Vince Promuto

No. 65
- Position: Guard

Personal information
- Born: June 8, 1938 New York, New York, U.S.
- Died: June 1, 2021 (aged 82) Pompano Beach, Florida U.S.
- Listed height: 6 ft 1 in (1.85 m)
- Listed weight: 245 lb (111 kg)

Career information
- High school: Mount St. Michael (Bronx, New York)
- College: Holy Cross
- NFL draft: 1960 (4th round, 48th overall pick)
- AFL draft: 1960

Career history
- Washington Redskins (1960–1970);

Awards and highlights
- 2× Pro Bowl (1963, 1964); 80 Greatest Redskins; Washington Commanders Ring of Fame; Second-team All-Eastern (1959);

Career NFL statistics
- Games played: 130
- Games started: 113
- Fumble recoveries: 8
- Stats at Pro Football Reference

= Vince Promuto =

American football player (1938–2021)

Vincent Louis Promuto (June 8, 1938 – June 1, 2021) was an American professional football player who was a guard for the Washington Redskins (now Washington Commanders) in the National Football League (NFL). He was later a Drug Enforcement Administration official.

==Early life and college==
Promuto was born on June 8, 1938, in New York City, and grew up in the Pelham Bay section of The Bronx. He was a tough kid who was in a neighborhood gang in the 1950s.

Promuto did not begin to play football until he was a high school junior at Mount St. Michael Academy. On November 14, 2024, he was posthumously inducted into the Mount St. Michael Academy Athletic Hall of Fame, joining NFL Hall of Famers Bill Polian and Art Donovan, among others. Donovan's and Promuto's NFL careers overlapped in 1960-1961, when Donovan was still a defensive tackle for the Baltimore Colts and Promuto an offensive lineman for Washington. Their teams met on September 25,1960 and November 26, 1961.

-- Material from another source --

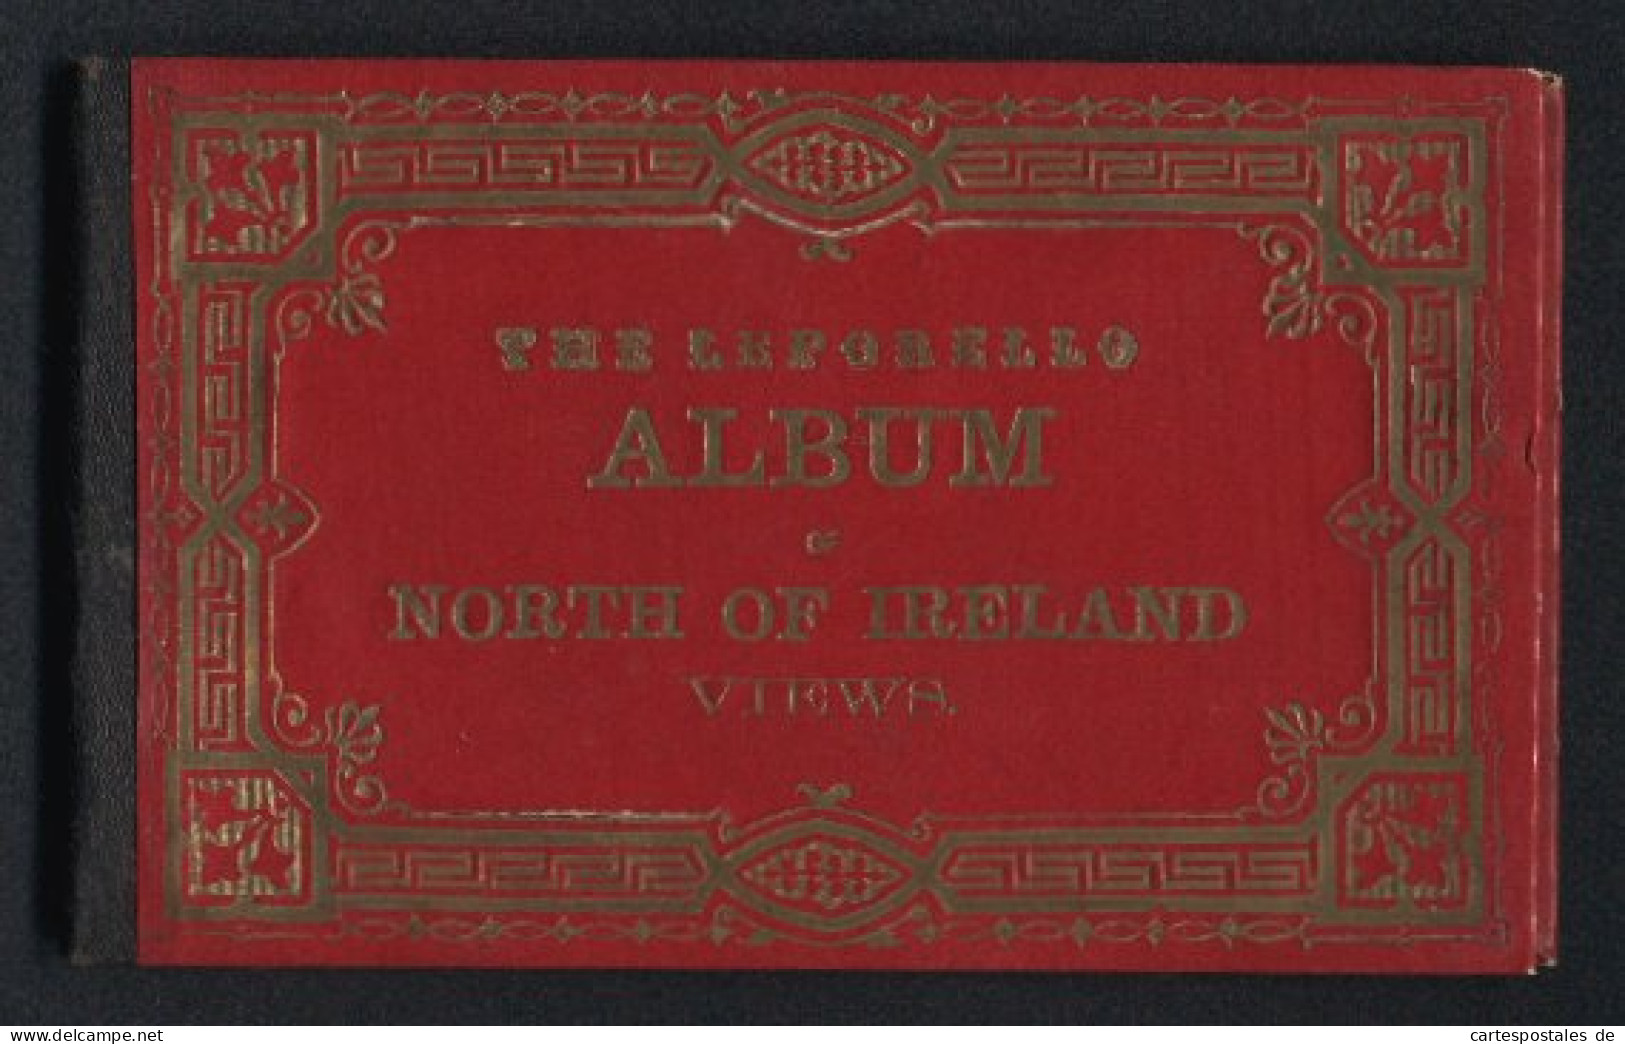 Leporello-Album North Of Ireland, 12 Lithographie-Ansichten, Belfast, Londonderry, Giant Causeway, Dunluc Castle, Antr  - Litografía

He played college football at the College of the Holy Cross. He was a starter from his sophomore through senior years. He was first-team All-New England and an honorable mention All-America as a senior. He once recovered eight fumbles in a single game, against rival Boston College. While at Holy Cross, Promuto also starred on the track team, graduating with the school shot put record.

In 1977, Promuto was inducted into the Holy Cross Varsity Club Hall of Fame. In 2010, he was an inaugural member of the Crusader Football Legends Ring of Honor in 2010.

==Professional football career==
Promuto was drafted by Washington in the fourth round of the 1960 NFL draft (the 48th overall pick). He played guard for Washington from 1960 to 1970. He played 130 games in his career, starting 113, all with Washington. He was a Pro Bowl selection in 1963 and 1964. He was a pass blocker for Hall of Fame quarterback Sonny Jurgenson.

In 1969, when the legendary Vince Lombardi became Washington's head coach for one season, Promuto was named a team captain. It was the team's first winning season (7-5-2) in 14 years. After George Allen became coach in 1971, he wanted Promuto to continue playing, but Promuto was not physically up to continuing his career, and retired.

In 1968, he received the Outstanding Redskin Award, and in 2002, he was named one of Washington's 70 greatest all-time players. In 2010, he was made a member of the Washington Commanders Ring of Fame.

== Legal, government and business career ==
Encouraged by team owner and prominent lawyer Edward Bennett Williams, Promuto attended American University Law School during his playing career, graduating with distinction. He was a law clerk for a federal judge and was an Assistant United States Attorney.

When the U.S. Drug Enforcement Agency (USDEA) was created, he became its first Director of Public Affairs. The USDEA terminated him in 1976, a decision he successfully appealed, winning an order of reinstatement, back pay, and clearing his record. The USDEA appealed that decision though it did reinstate him (while refusing him back pay). The case ultimately settled, with Promuto receiving his back pay, resigning (after his reinstatement), and withdrawing a Freedom of Information Act request for documents. He was leaving in any event, but wanted to clear his name first. Promuto eventually left the law and government altogether, to take over his father's sanitation business in the Bronx. He expanded the business significantly until it was acquired by Waste Management in the 1990s. He won the first bid in New York for moving waste by rail; thus, reducing truck emissions in the process.

== Retirement and death ==
Promuto moved to Ft. Lauderdale, Florida in 1992, after a successful business career. He and his wife owned a 90 ft yacht, and he became a licensed yacht captain.

He died of congestive heart failure on June 1, 2021, in Pompano Beach, Florida, one week before his 83rd birthday.